▶ [Instructions to follow]:
Each line below from the one containing "Woodstock Hat - Ivory" through the one containing "Linked single room" is to be given again exactly, and no line outside that span.

▶ [Supplied information]:

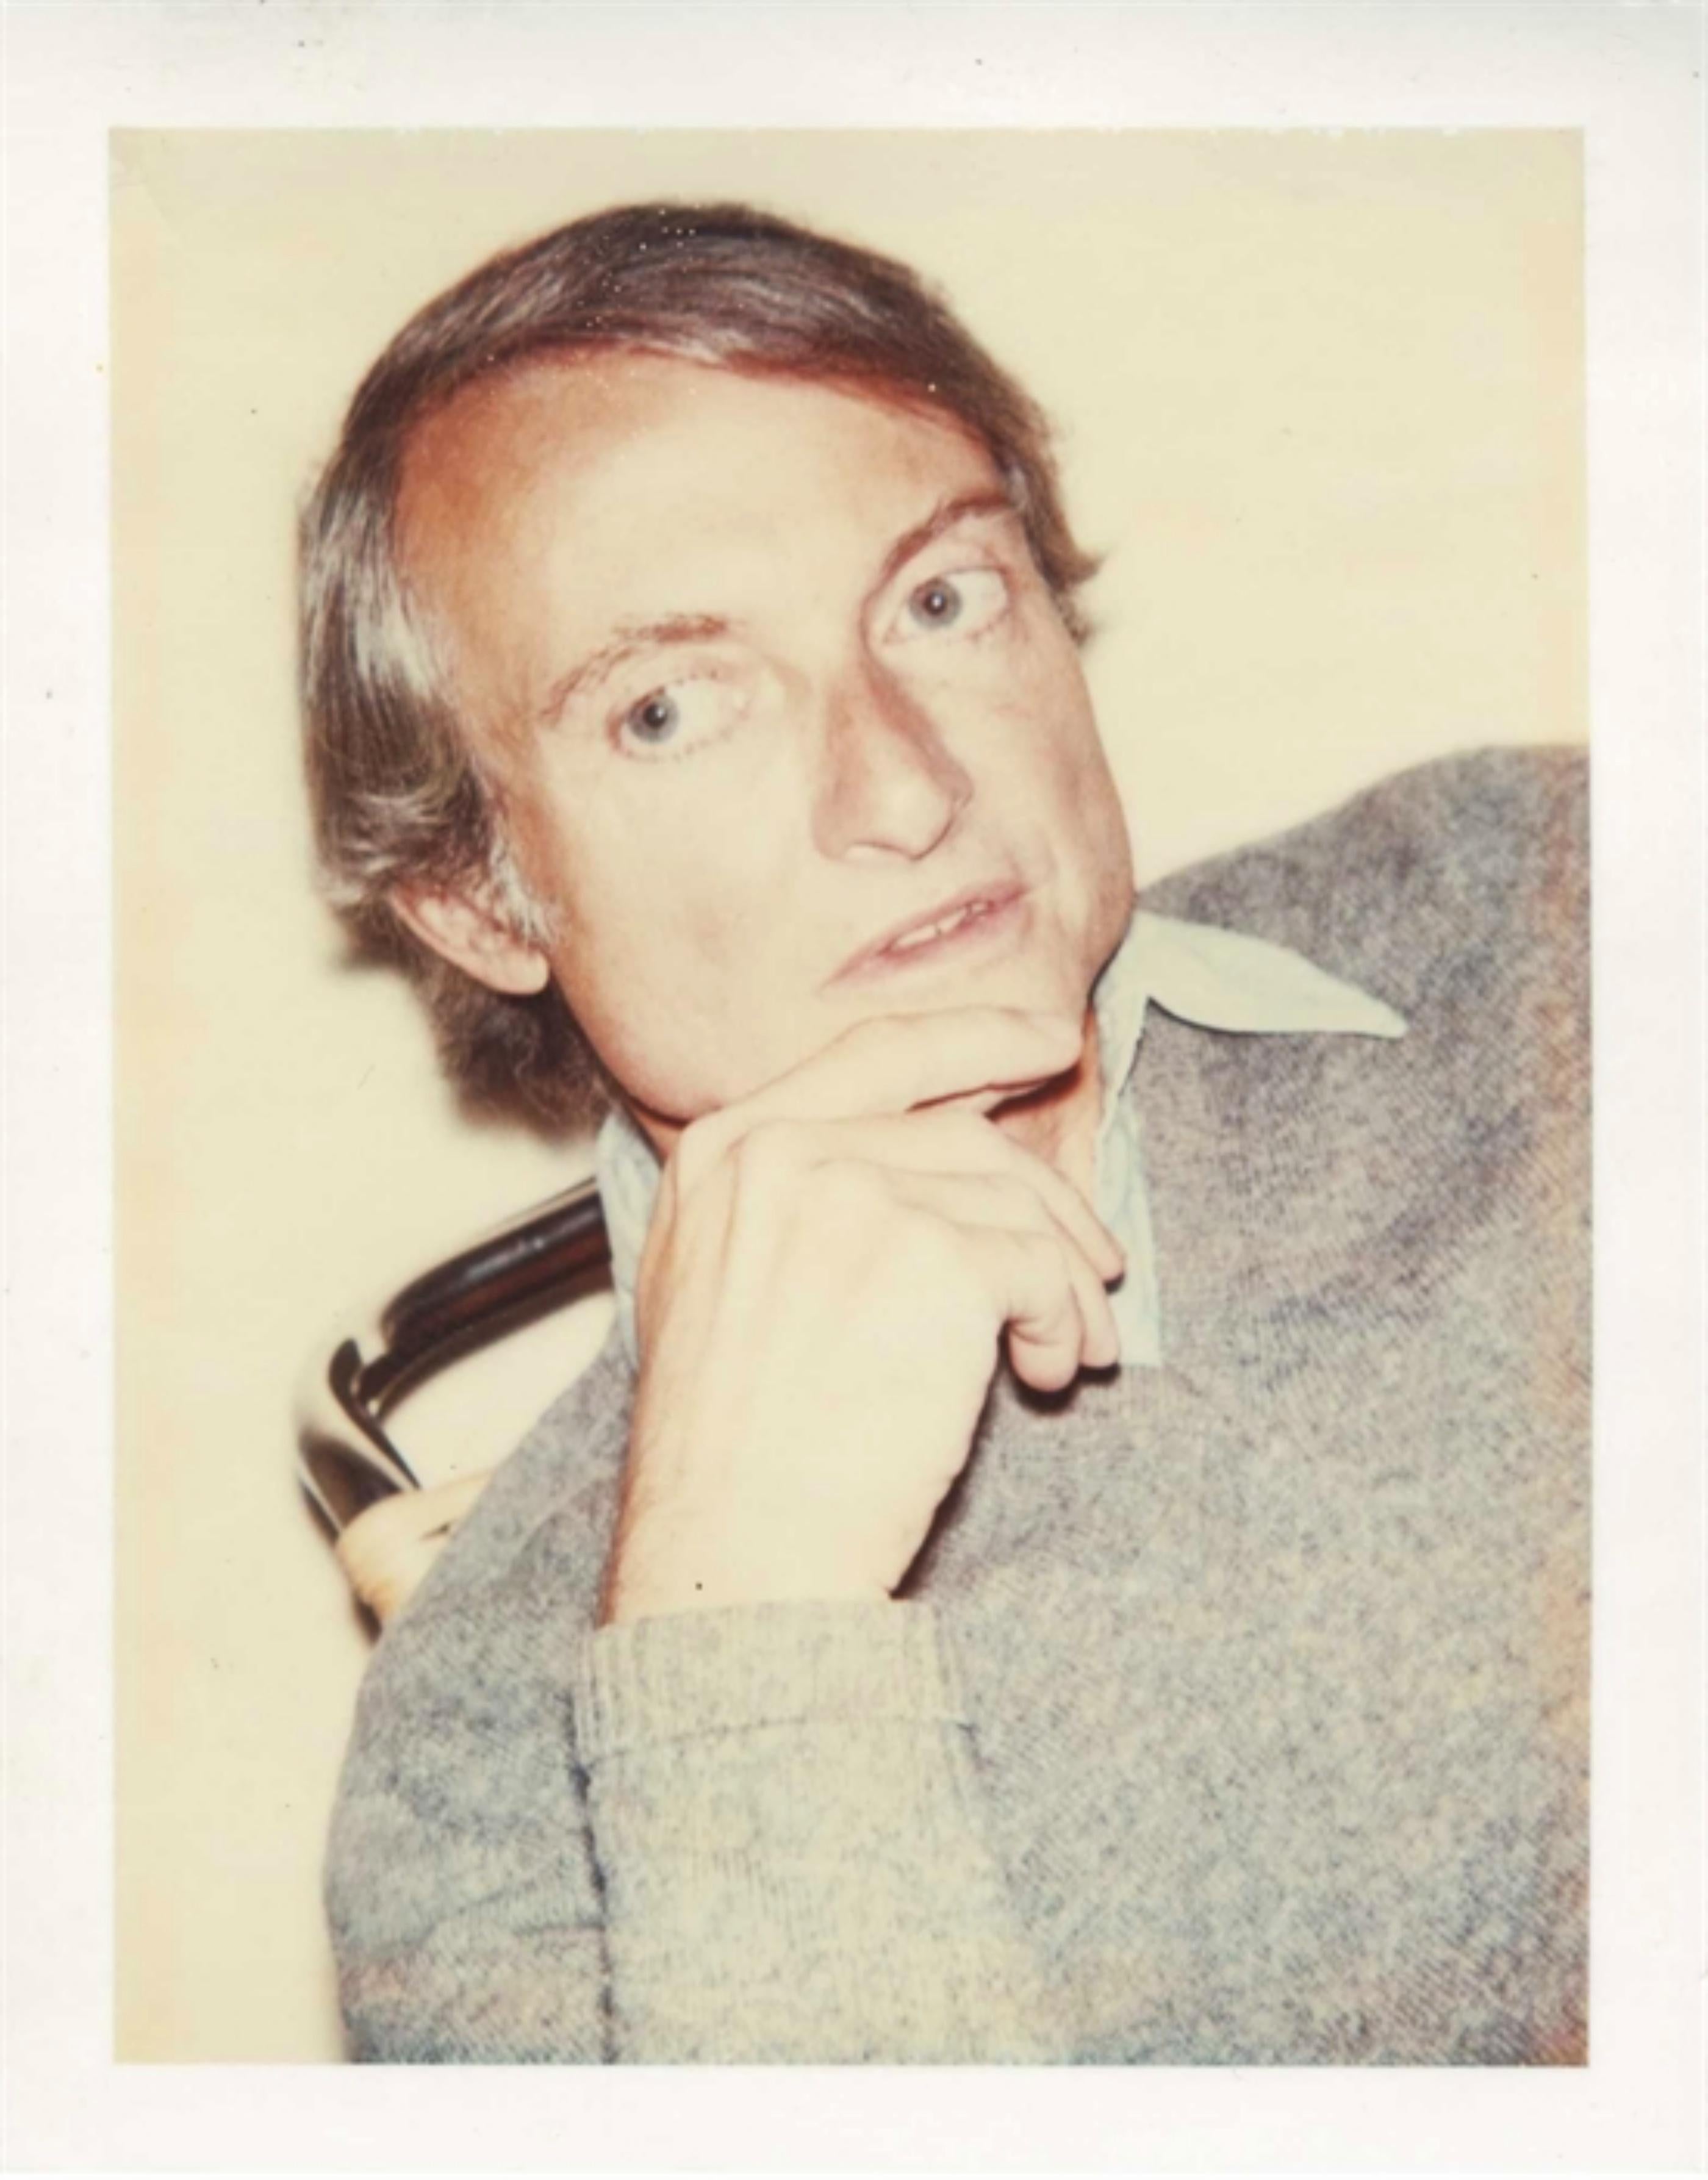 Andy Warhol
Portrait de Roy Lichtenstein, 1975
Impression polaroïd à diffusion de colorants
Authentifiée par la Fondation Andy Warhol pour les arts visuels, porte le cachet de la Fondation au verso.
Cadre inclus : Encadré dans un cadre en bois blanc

* * *

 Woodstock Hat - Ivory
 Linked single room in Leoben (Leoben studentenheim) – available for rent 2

▶ [Output of the exercise]:
 Woodstock Hat - Ivory
 Linked single room in Leoben (Leoben studentenheim) – available for rent 2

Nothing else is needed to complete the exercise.